Member may terminate this Agreement on thirty (30) days’ notice to Maxx Purchasing.

 Confidential and Disclosure Agreement

Maxx Purchasing and Member agree that they may participate in certain meetings. It is contemplated that in the course of such meetings, Maxx Purchasing and Participant will have access to certain confidential information and that such information constitutes valuable, special and unique property of Maxx Purchasing or Member. In consideration of the mutual benefits derived or that may be derived by each party as the result of attendance at such meetings, Maxx Purchasing and Member hereby agree, covenant and warrant as follows:

  1. Maxx Purchasing and Member:
    1. Recognize and acknowledge that they will have access to certain confidential information including, but not limited to, Maxx Purchasing and Member business operations, customer relationships, financing, pricing and marketing data, and that such information constitutes valuable, special and unique property of Maxx Purchasing or Member.
    2. Agree to maintain the confidentiality of the Program and all Program materials, including, but not limited to, price information, contract terms and vendor lists, that they will not, for any reason or purpose whatsoever, disclose any such confidential information to any party external to Maxx Purchasing and Member without expressed authorization of Maxx Purchasing or Member to do so. This obligation shall survive termination of this Agreement. Upon such termination, Member shall promptly return all Program materials to Maxx Purchasing.
  1. Maxx Purchasing and Member further agree that it will not make use of, either directly or indirectly, for the benefit of any third party any such information in a manner that would be detrimental to Maxx Purchasing or the Member or its subsidiaries or affiliates.
  2. Maxx Purchasing and Member acknowledge that the restrictions contained in paragraphs 1 and 2 hereof are necessary and important.
  3. Paragraphs 1 and 2 of this Statement shall be effective to the full extent permitted by law.

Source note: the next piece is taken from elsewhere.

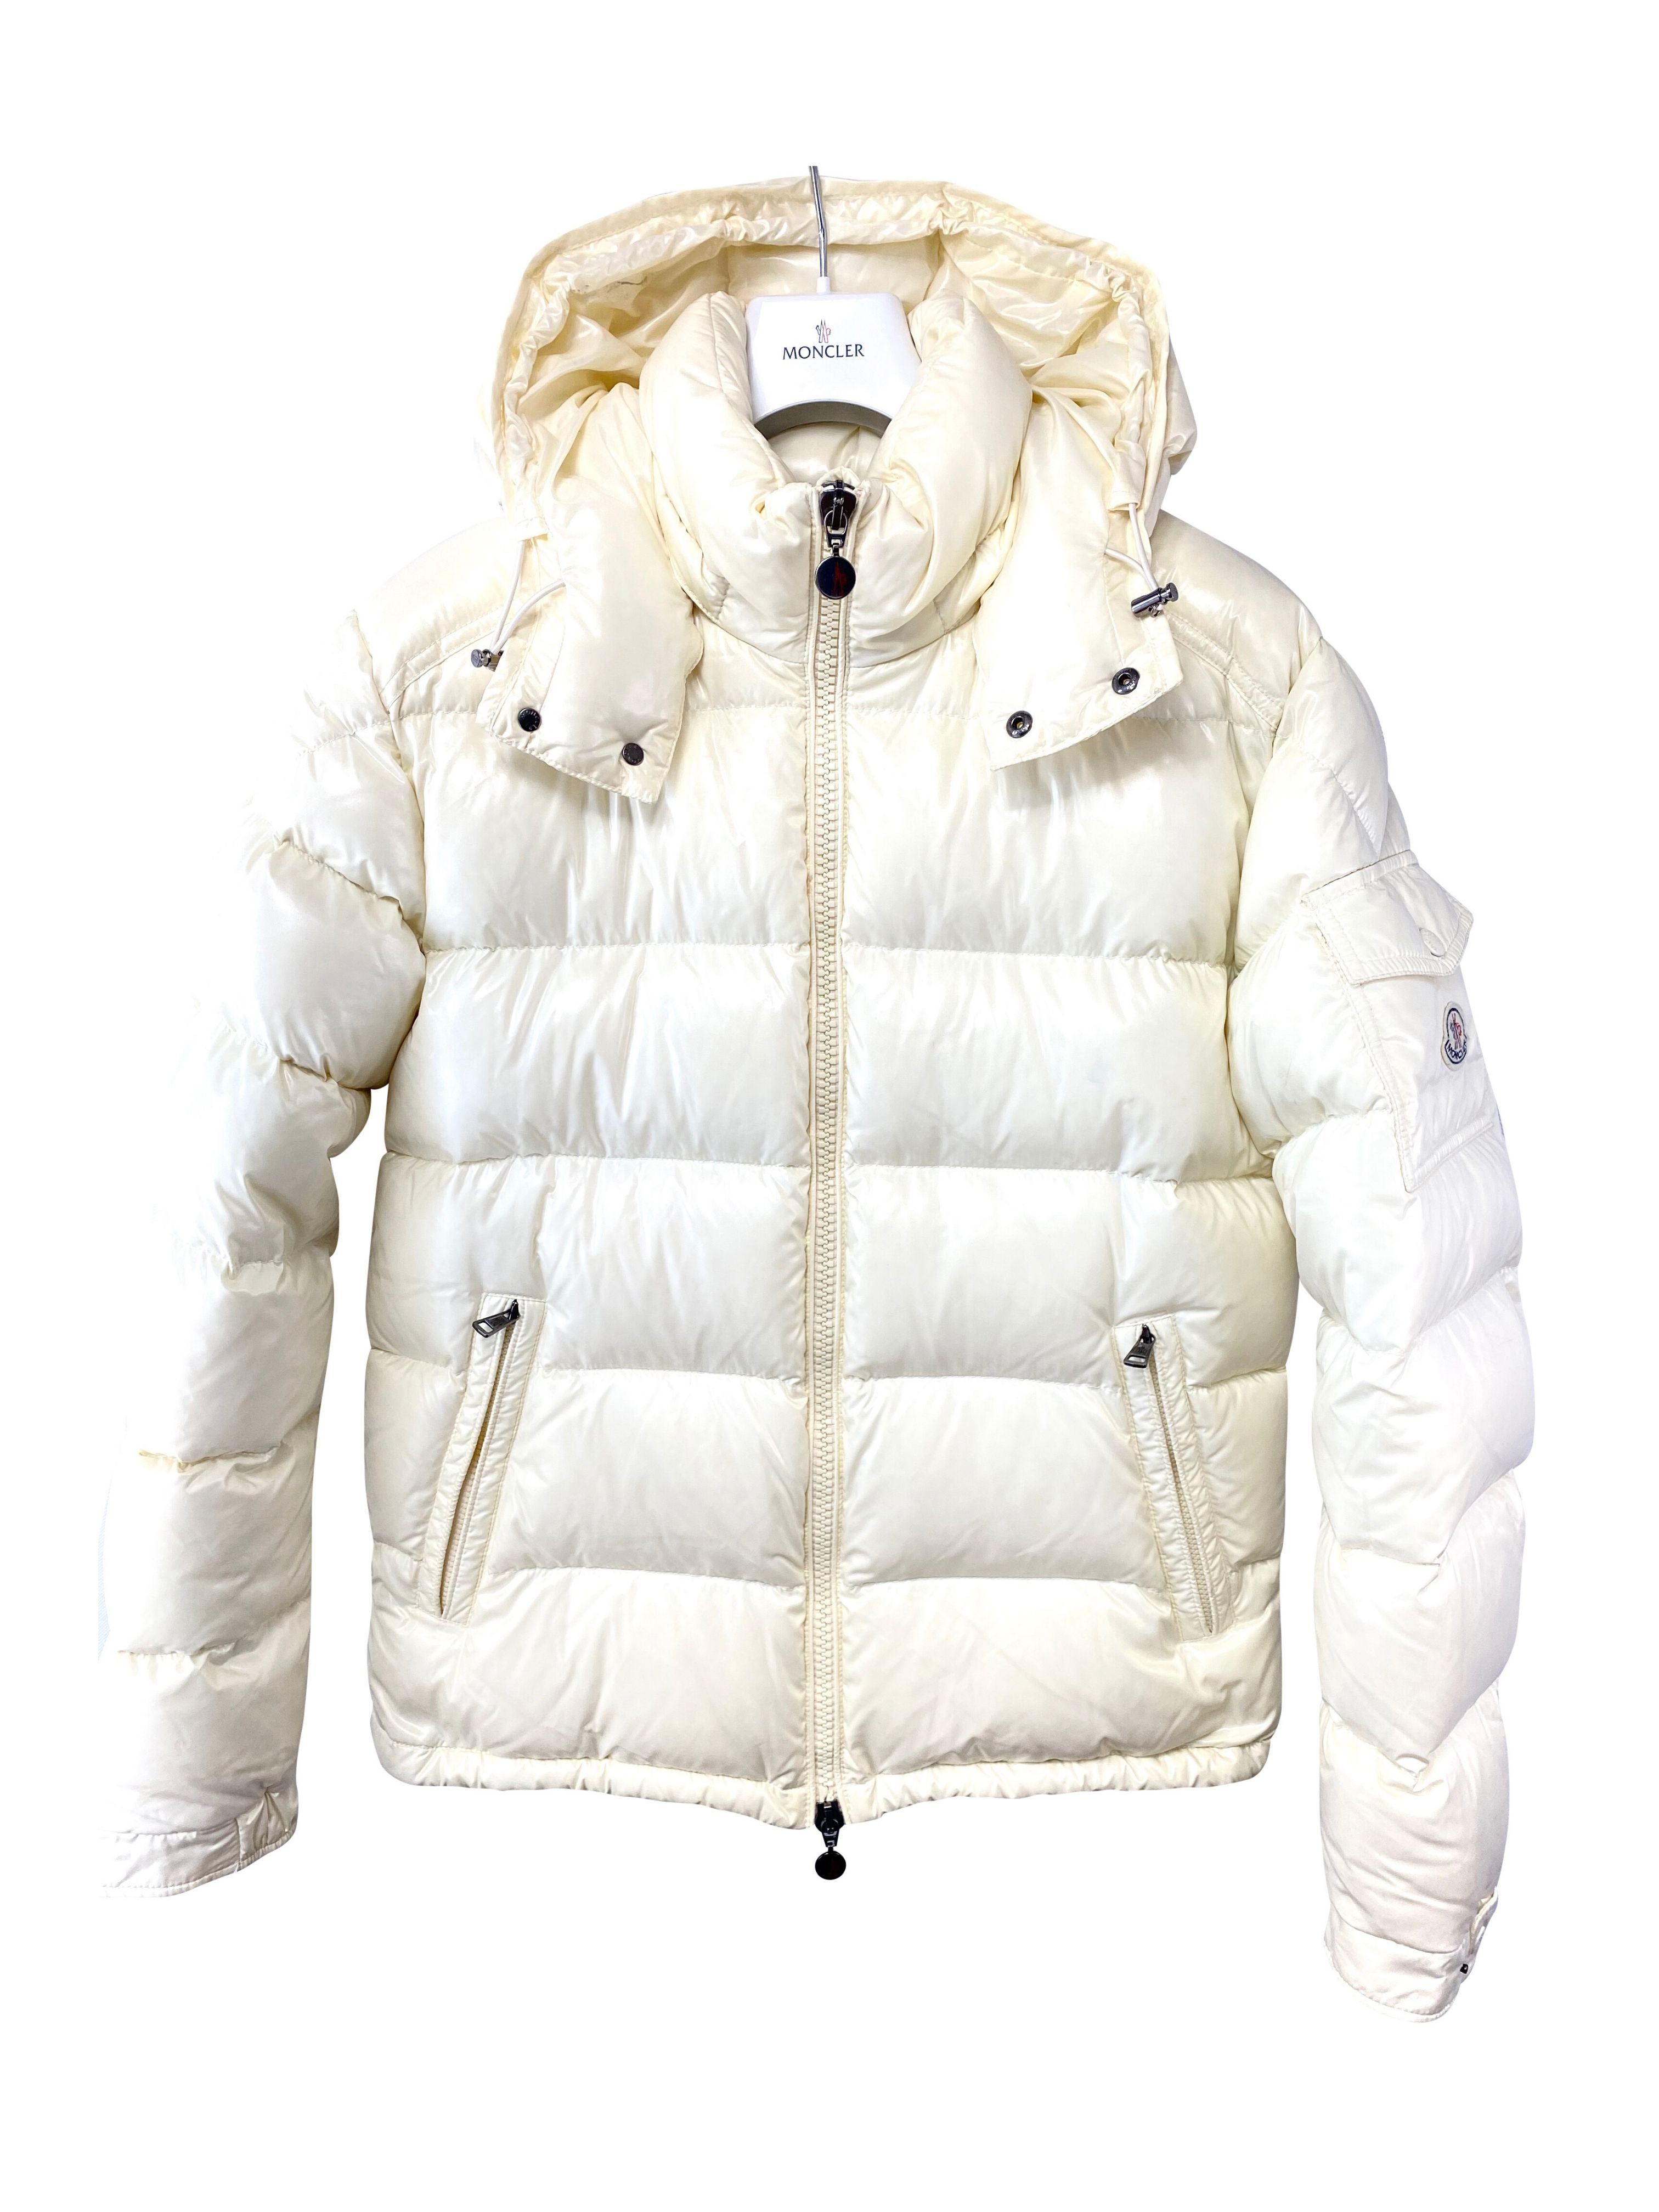 Moncler 'Maya' Style Jacket - Size 4

Applicable Law. This Agreement shall be governed by Utah law.

 Maxx Purchasing Disclaimer and Member Release

MAXX PURCHASING DOES NOT MAKE AND EXPRESSLY DISCLAIMS, ANY WARRANTY OF MERCHANT ABILITY OR FITNESS FOR A PARTICULAR PURPOSE, OR ANY OTHER WARRANTY, EXPRESS OR IMPLIED, AS TO ANY PRODUCTS AND SERVICES SOLD BY ANY VENDOR; AND MEMBER AND ITS FACILITIES HEREBY EXPRESSLY RELEASE MAXX PURCHASING FROM ANY AND ALL LIABILITY AND CLAIMS RELATING TO THE PRODUCTS AND SERVICES, AND ANY BREACH OR ALLEGED BREACH OF WARRANTY IN CONNECTION WITH THE PRODUCTS AND SERVICES.

 Representations, Warranties and Covenants of Member

Member, for itself and for each of its Facilities that purchase products and services under the Vendor Contracts hereby covenants with Maxx Purchasing as follows:

Member and its Facilities shall indemnify and hold harmless Maxx Purchasing, its respective affiliates, agents, officers, directors and employees from and against any and all losses, liabilities, damages, costs and expenses (whatsoever, including, without limitation, reasonable attorney’s fees), suffered or incurred by Maxx Purchasing, Member, or Facilities, resulting from or in any way connected with Member’s and/or Facilities’ acts or omissions, negligence or willful misconduct; breach of this Agreement; or any claims resulting from a failure to pay for any products and services purchased by Member or any of its Facilities.

Member agrees to cause each of its Facilities (i) to comply with all terms of this Agreement as if a party hereto, (ii) to comply with all terms of the Vendor Contracts including without limitation, payment terms and own use requirements and (iii) to execute separate agreements or acknowledgements as requested by Maxx Purchasing or any particular Vendor evidencing such Facility’s agreement to comply with the terms of relevant Vendor Contract.

Member warrants that all products and services purchased by it or its facilities under the Vendor Contracts will be for its own use by the Member or Facilities, and not for resale or distribution to third parties.